Like in GGPlot, you are able to make additional adjustments to the plots we make–such as changing the color of our lines, adding markers alongside lines, and even changing the linestyle. The following links below provide information to the kinds of arguments you can give to the plot() function with respect to the aesthetics.

  • Colors available
  • Markers available
  • Linesytles available

The following code shows an example of how to integrate the arguments into the plt.plot() function.

In [70]:
# plotting the data once more
plt.plot(X, Y, color='coral', marker='o', linestyle='dashed'
         )

# Adding a  title to our plot just as before
plt.title("Line Plot")

# Adding labels to our plot
plt.ylabel("y-axis")
plt.xlabel("x-axis")
plt.show()

1.4.3 Plotting Variables From A DataFrame

The examples above show how to plot simple vectors, but what if we want to plot data from a DataFrame? We can use .plot() to plot specific variable from a DataFrame as well.


Let's start by using the COVID dataset we imported earlier.

In [71]:
# Reading dataframe from a link online
df = pd.read_csv('https://raw.githubusercontent.com/nytimes/covid-19-data/master/us-states.csv')

# Grouping DataFrame by state and cases to get the total number of COVID cases per state
df = df.groupby("state")['cases'].count()

# Keeping only the first 10 states in the data frame
df = df[0:10]

For this example, we will be plotting the cumulative frequency distributions of COVID cases per state. Unlike the code above, we will use the .plot() function in a way that allows us to specify the type of plot and data objects we will be using.

In [72]:
# plotting the COVID data
# 'kind' tells Python to plot a bar graph
# 'width' tells python to alter the width of the bars; default is set to 0.8
df.plot(kind='bar', x='state', y='cases', color='y', width=0.4)

# adding title
plt.title("Frequency of COVID Cases Per State Plot")

# adding axis-labels
plt.ylabel("Cases")
plt.xlabel("State")
Out[72]:
Text(0.5, 0, 'State')

1.5 Using the Seaborn Library

While Matplot lib is a powerful library, its modularity can provide a steep learning curve. Luckily, Python offers another package that facilitates plot making. Seaborn, like Matplot, is also used for plotting graphs, and it builds on the Matplotlib, Pandas, and Numpy libraries to do so. Its simpler syntax allows users to quickly pick up on plotting and creating aesthetic graphs to display relationships of data. The remainder of the workshop lessons will mainly rely on Seaborn to produce graphs.

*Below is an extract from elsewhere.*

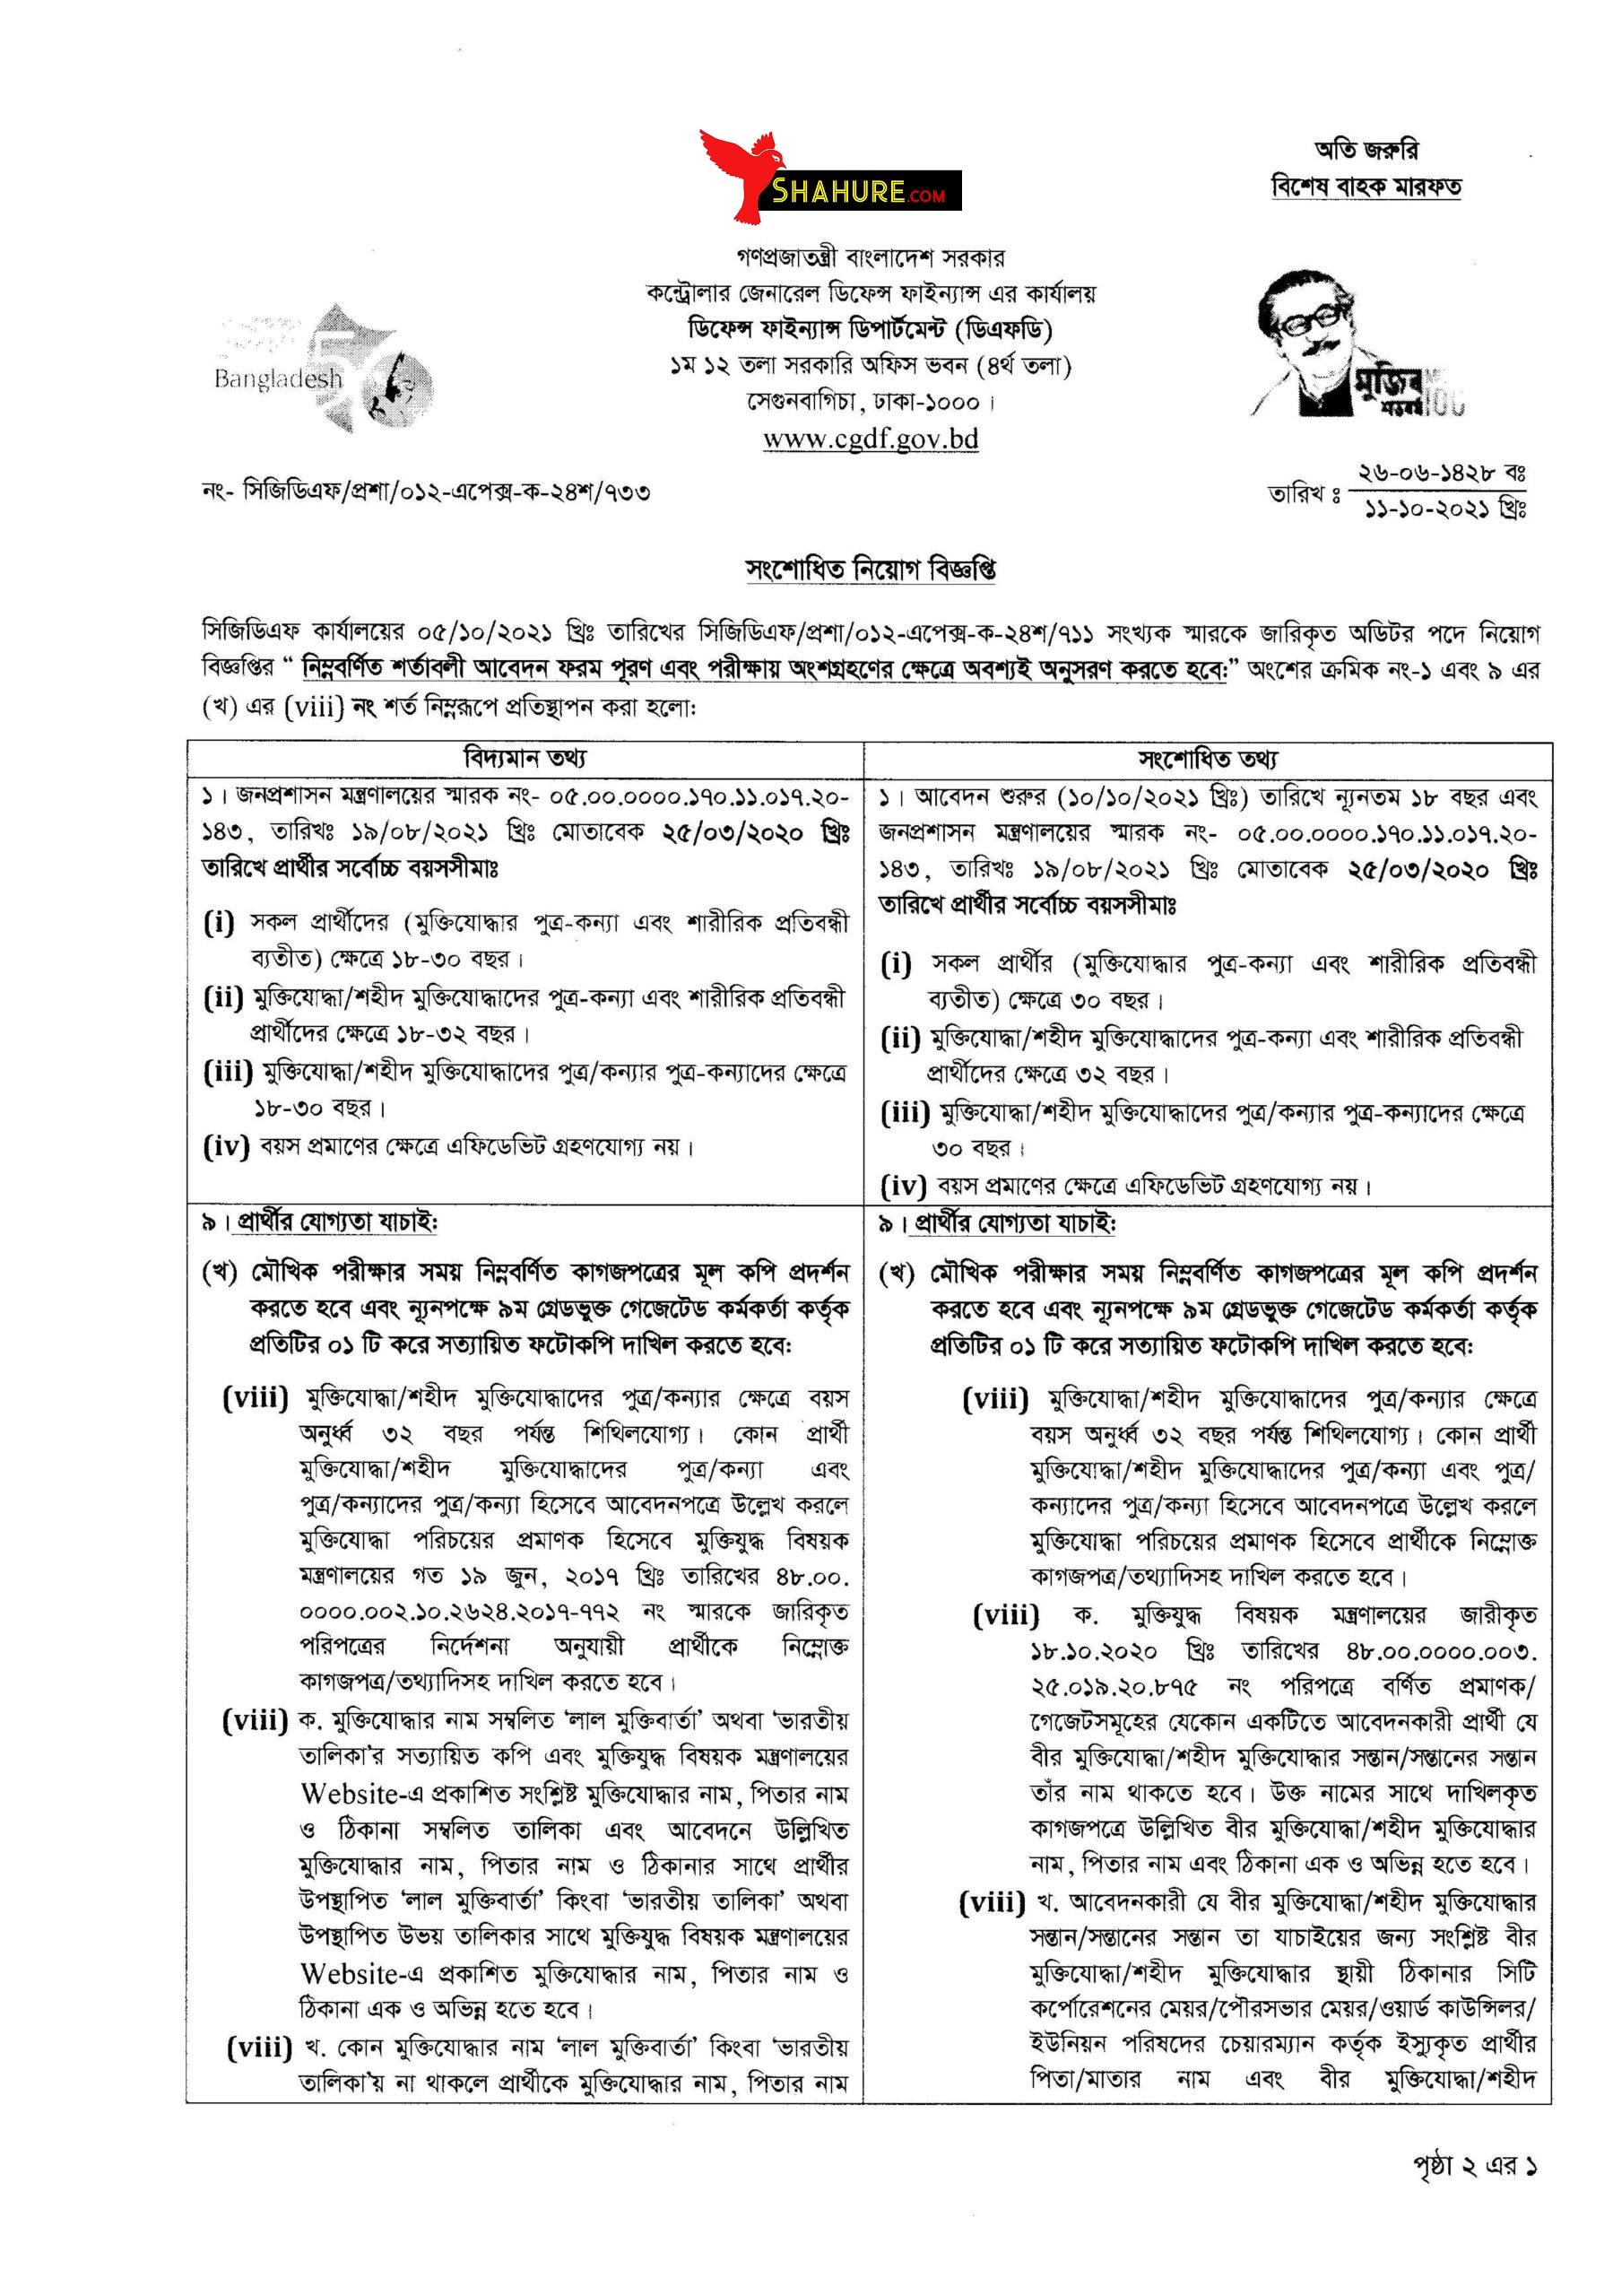 CGDF Auditor Revised Job Circular 2021

We will start by importing the seaborn package below.

In [73]:
# Unlike the packages above, our program does not have seaborn internally, so we must use the `conda install` operator to download the library in order to use it. For easier downloading, remove the hash below and click on the icon that appears above the "conda install seaborn" line of code and click on install. After, it should be easy to import the seaborn package.
# conda install seaborn
import seaborn as sns

To show its power, let's use a simple example where we observe the average number of yearly COVID cases in California.

In [74]:
# Reading dataframe from a link online
df = pd.read_csv('https://raw.githubusercontent.com/nytimes/covid-19-data/master/us-states.csv')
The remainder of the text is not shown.